Is there a way we can include CO2-non fossil in the "biogenic" results? 

Thank you very much.  

in openLCA by (150 points)

1 Answer

+1 vote
by (13.2k points)
edited by

The "standard" and recommended approach from IPCC 2021 has net zero impacts of biogenic CO2 uptake and emission. It is a somewhat safe approach where one can assume that any biogenic carbon ends up in the atmosphere anyway at one point, so the net impact from uptake and emission is zero. This results in a characterisation factor of zero for "carbon dioxide, non-fossil" and for "carbon dioxide, in air", which is excluded from the characterisation factors and not shown in the impact category (we usually exclude characterisation factors that are zero). Maybe, at least for CO2, we could include the zero values into the characterisation factor tables to highlight there that these values are zero on purpose and not missing.

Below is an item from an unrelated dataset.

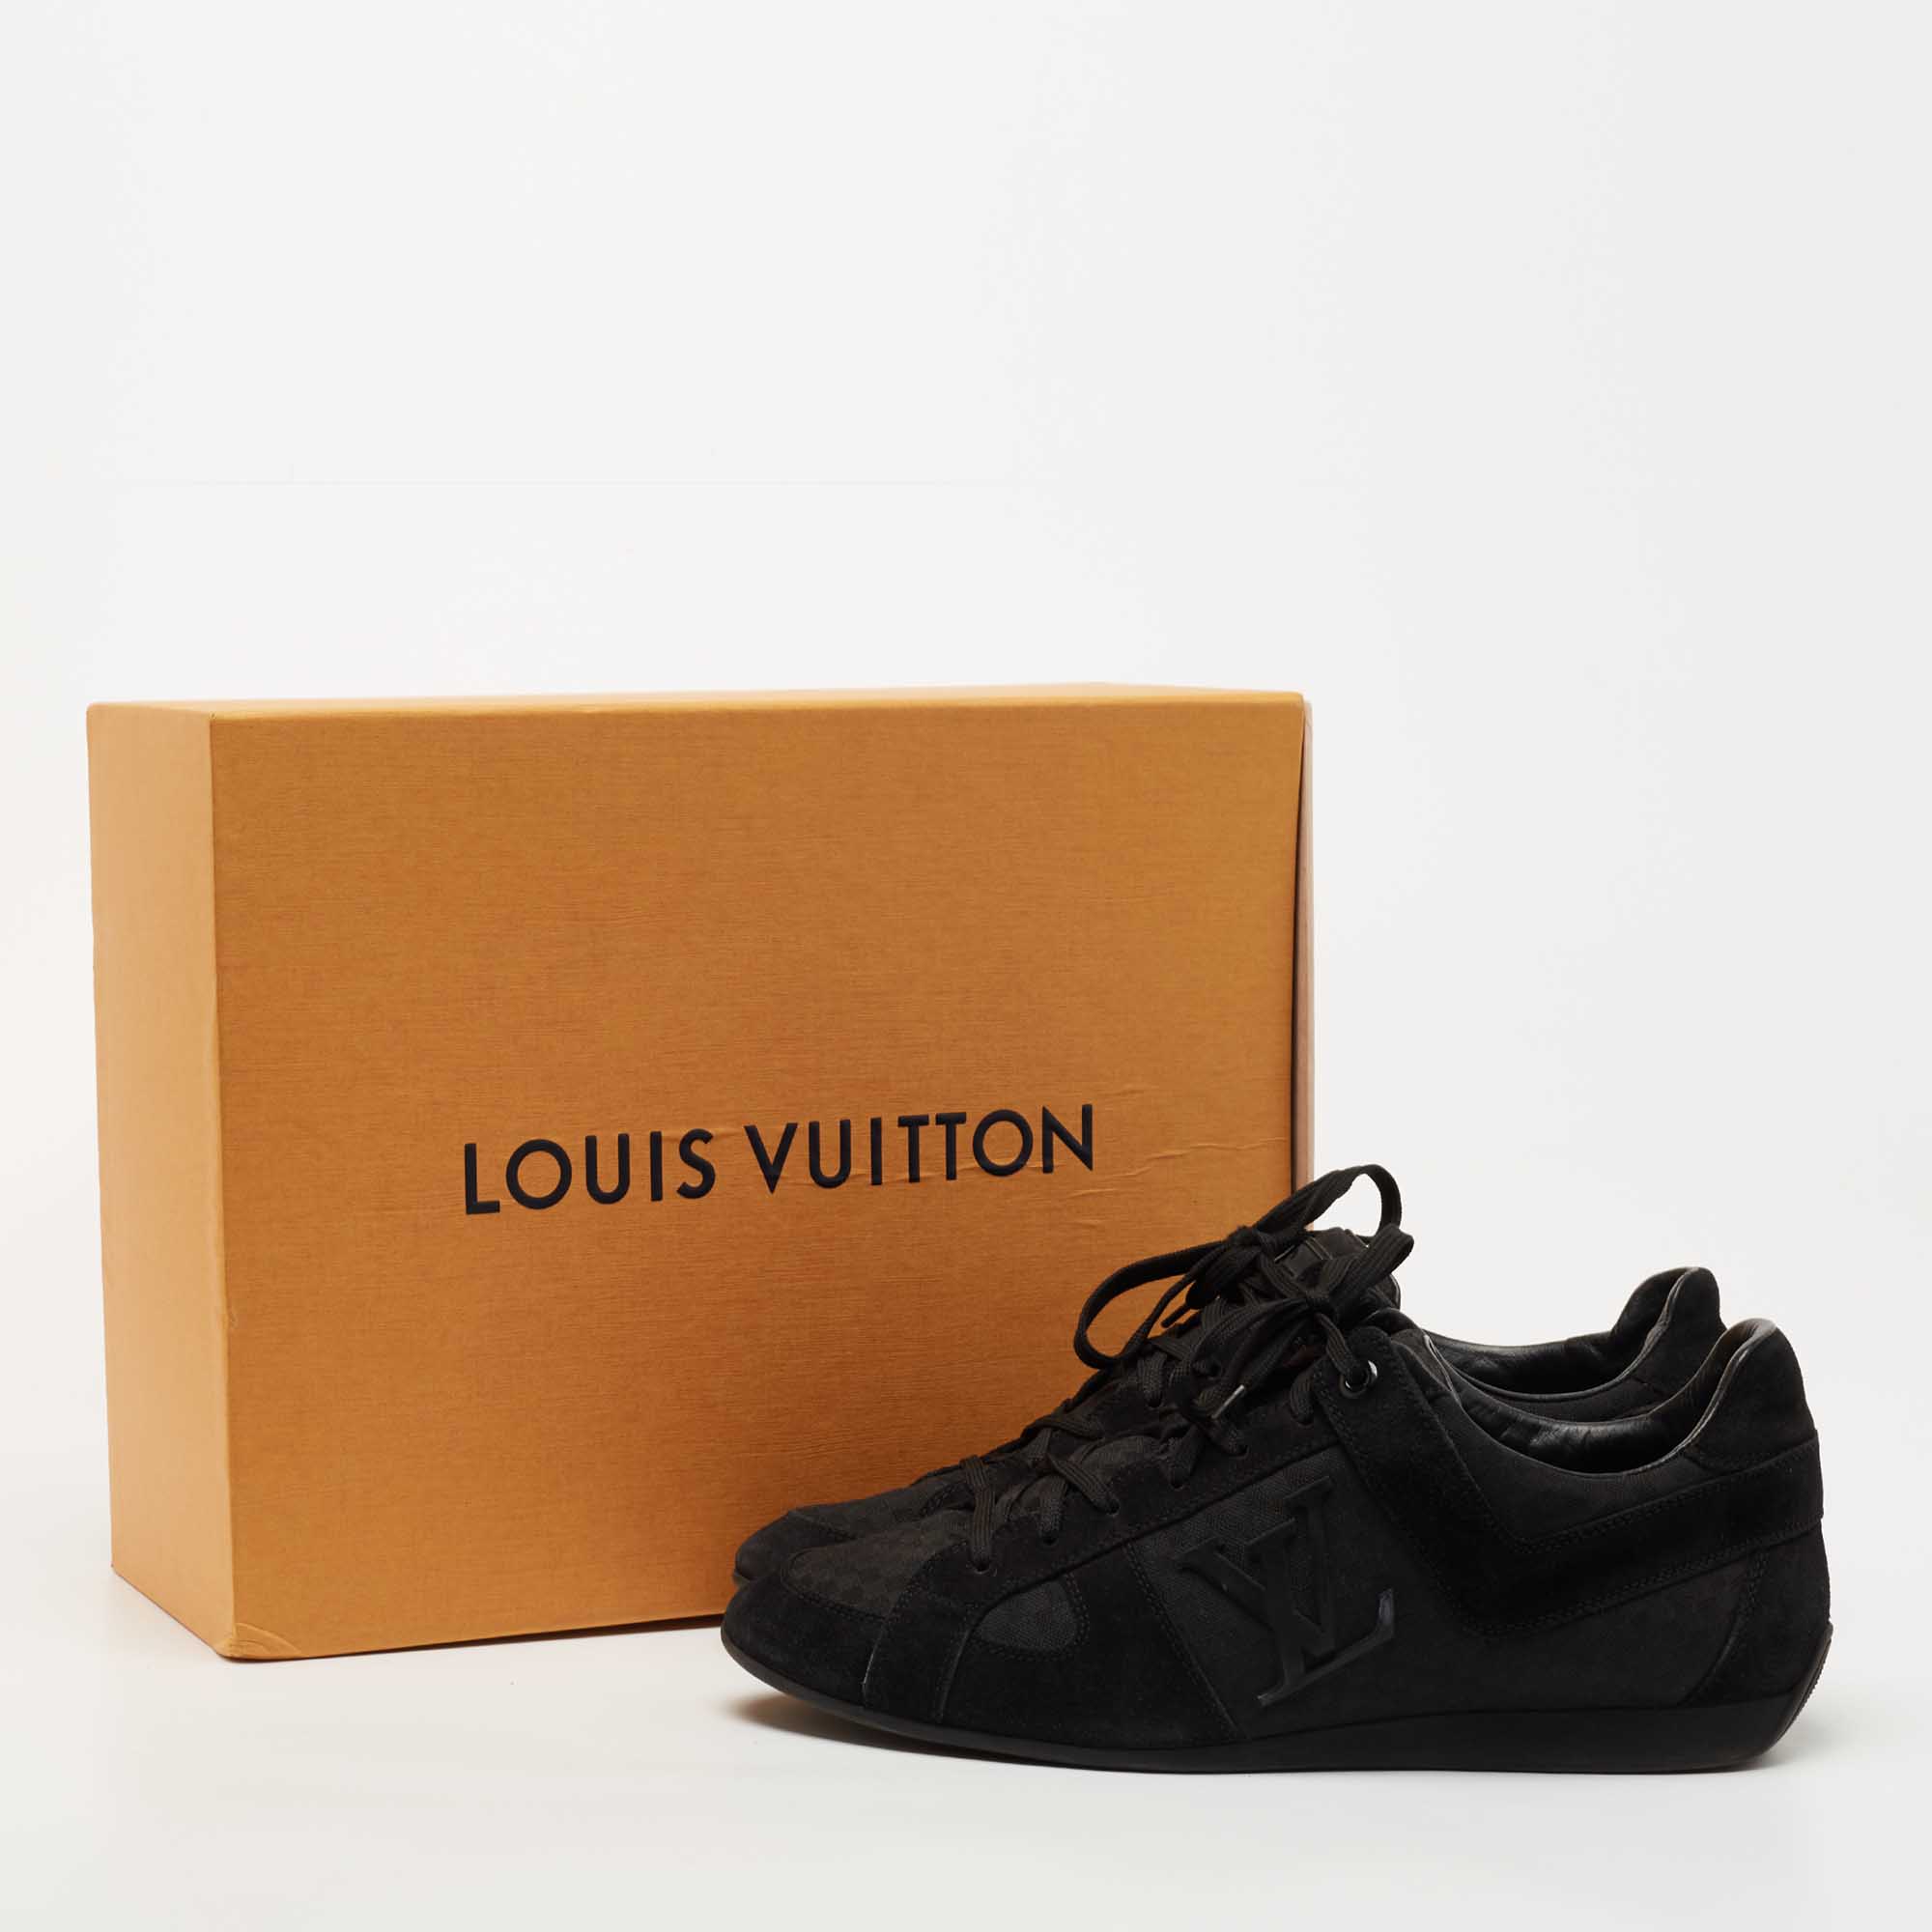 Louis Vuitton Black Suede and Canvas Low Top Sneakers Size 43 Louis Vuitton

You are mentioning the ecoinvent implementation of IPCC 2021, which is only compatible with the ecoinvent database and where the biogenic carbon dioxide is set to zero correctly. You can even find the ecoinvent implementation (mapping) here:

https://github.com/ecoinvent/lcia/blob/master/3.10/methods_mapped/IPCC%202021_mapped_3.10.csv

You can include biogenic carbon by adding all elementary flows "Carbon dioxide, non-fossil" with +1, "Carbon dioxide, in air" with -1, "Carbon dioxide, non-fossil, resource correction" with -1 and changing all "Methane, non-fossil" from 27.0 to 29.8, which is similar to the EN15804 based on EF 3.1 and using IPCC 2021 for climate change categories.

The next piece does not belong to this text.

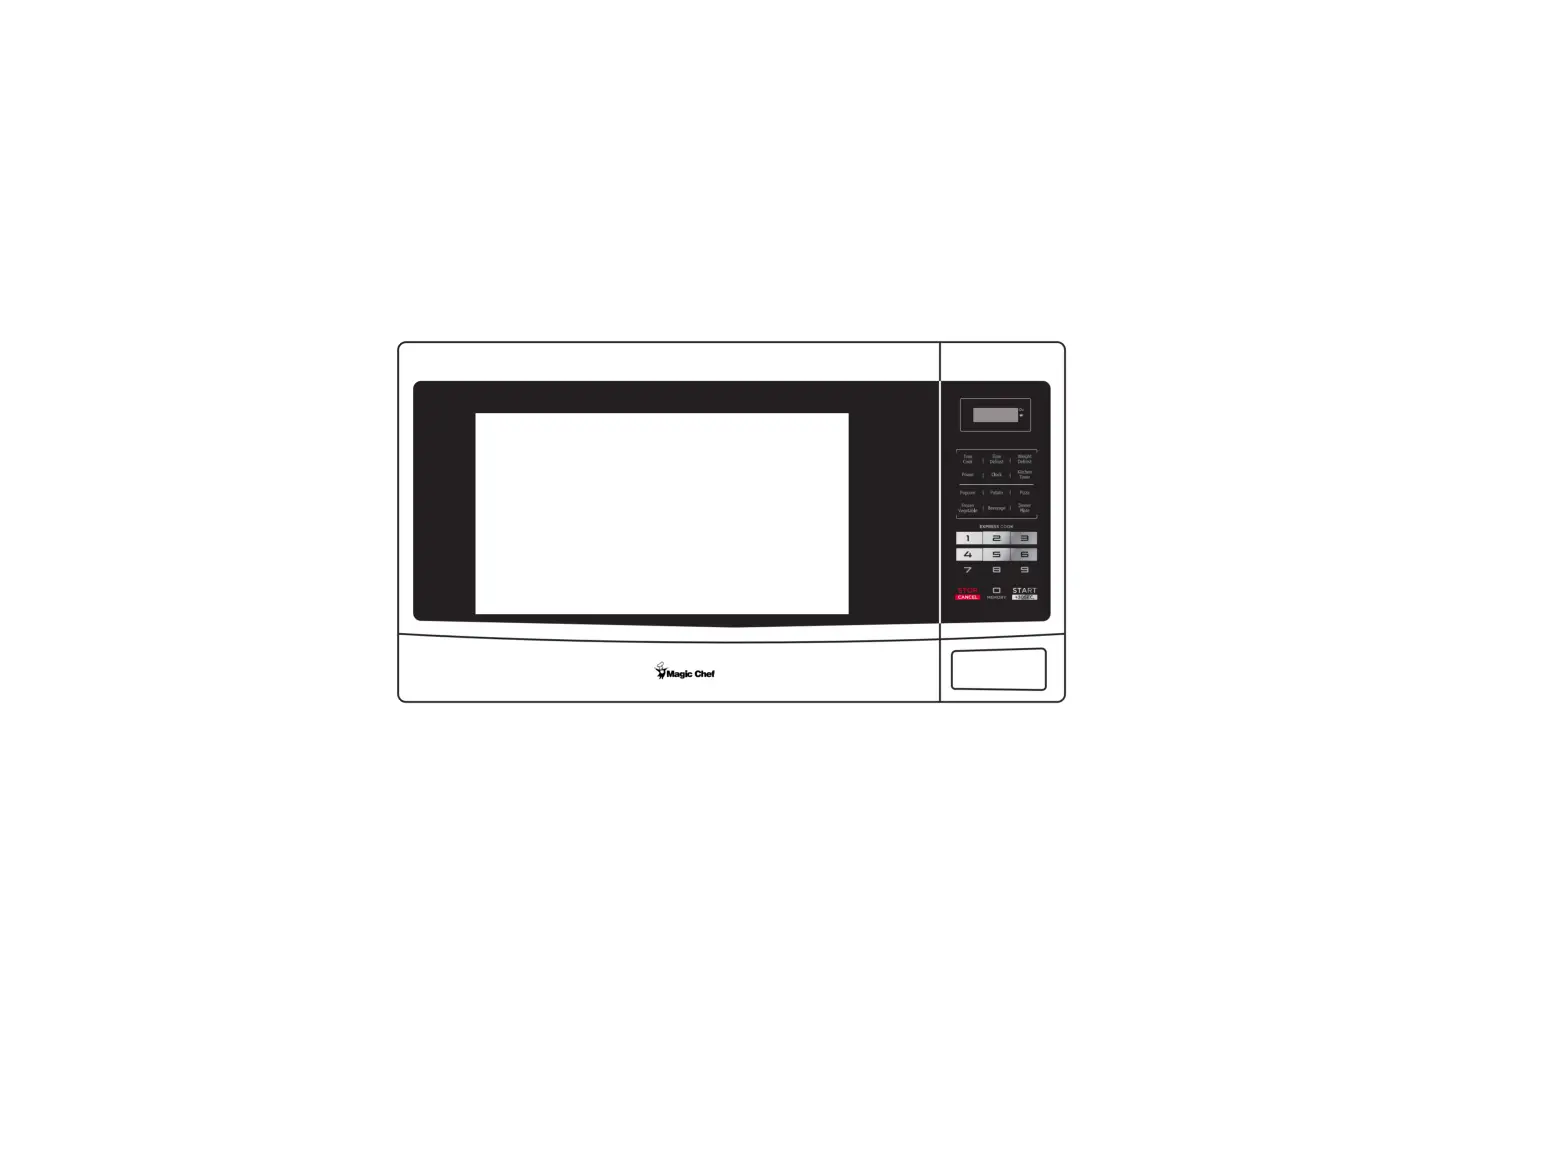 Magic Chef Countertop Microwave Oven User Manual - Manualsnap

But be aware that when the full life cycle is modelled and there is no significant carbon sink that lasts for several thousand years there should be (theoretically) no difference between tracking biogenic CO2 uptake/emissions (-1/+1) or putting it to net zero (0/0). But the risk is that explicitly tracking biogenic carbon uptake and emission can lead to unjustified claims of carbon credits or low carbon footprints due to the advantageous carbon uptakes in incomplete cradle-to-gate LCAs with no subsequent modelled release back into the atmosphere.

by (13.2k points)
Dear Reed,

There is no difference if the full life cycle is modeled. You take an EoL treatment process of biowaste as an example. In the 0/0 approach, there is no emission counted for biogenic carbon at the end of life and there is no biogenic carbon accounted at the raw materials life cycle stage where the biomass is created by biogenic carbon uptake. Also in the -1/+1 approach the overall result should be zero, since you have an uptake counted as -1 and later an EoL emission of +1, which results in zero.

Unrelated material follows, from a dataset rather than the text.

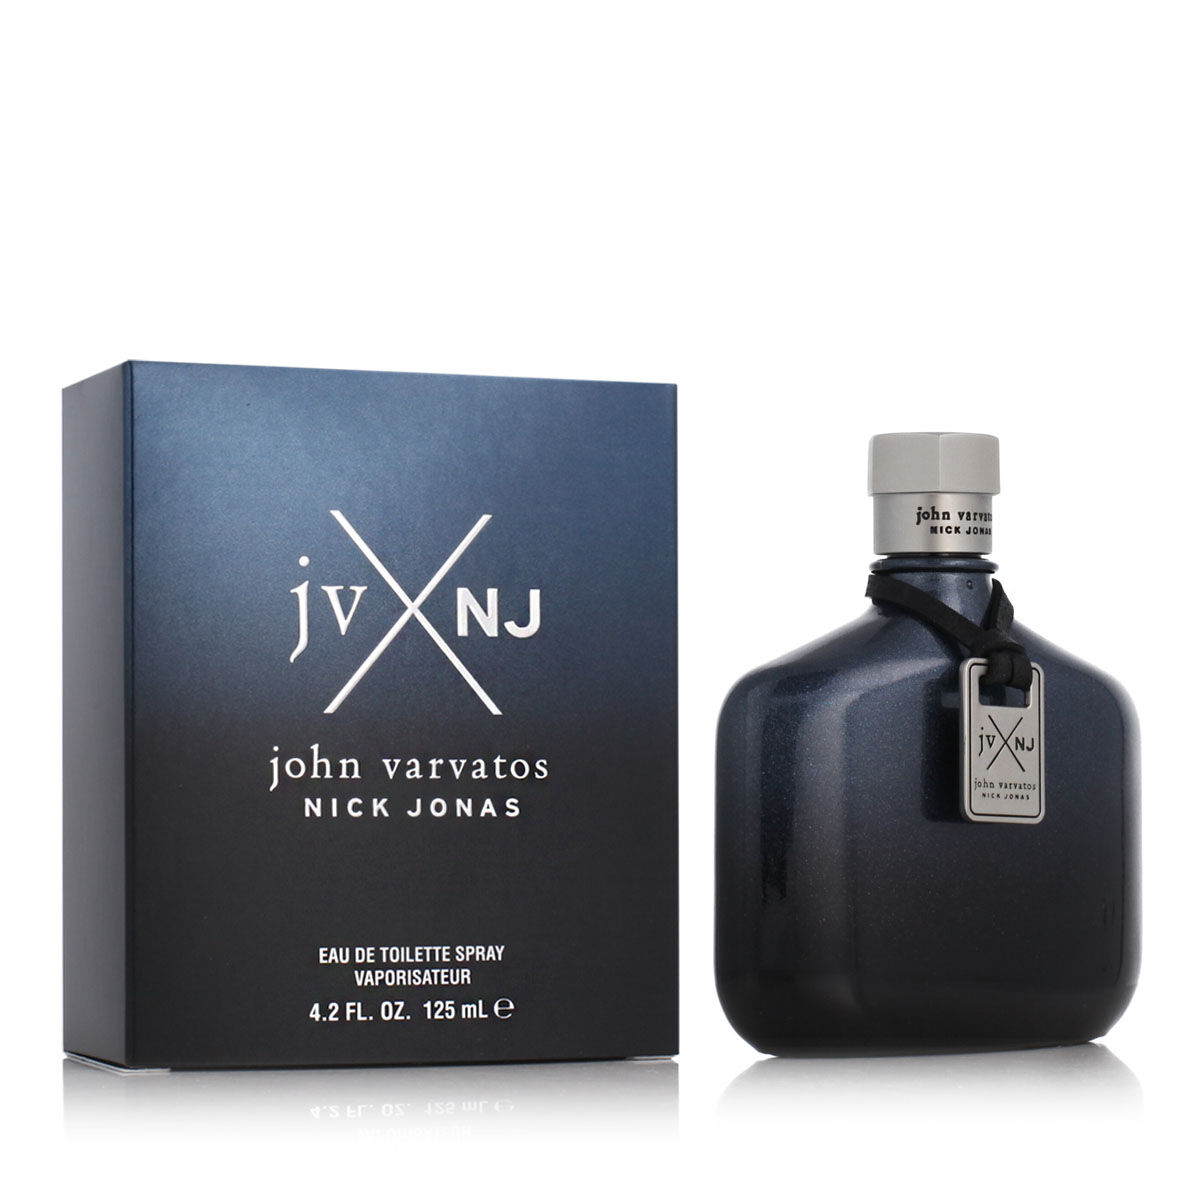 Parfum Homme John Varvatos EDT 125 ml Jv X Nj

If you have to take 0/0 (usually all standard LCAs that are not EPDs) or -1/+1 (all EPDs according to EN15804 and all PCFs according to ISO14067) depends on your study and your standards to follow. IPCC 2021 is only giving the factors, but if biogenic carbon is explicitly accounted with uptake and emission (-1/+1) or if biogenic carbon is not accounted (because every biogenic carbon uptake will be emitted anyway back to the atmosphere resulting in zero overall impact) depends on the standard, on the goal and scope, on the study.

I would assume that TRACI 2.1 (but I have not double-checked it) uses the 0/0 approach, because the method goes back to 2012 where every LCIA method was using the 0/0 approach. Even old EPDs based on EN15804+A1 were based on the 0/0 approach from the CML method and only the newer ones based on EN15804+A2 use the -1/+1 approach.

As I wrote before, if you are free to chose the approach, the 0/0 is the "standard" LCA one and it is the safer approach, because you will not get any accounting inconsistencies from biogenic carbon imbalances in your product system or any accounting inconsistencies from mass distortions of biogenic carbon due to allocation in the background database.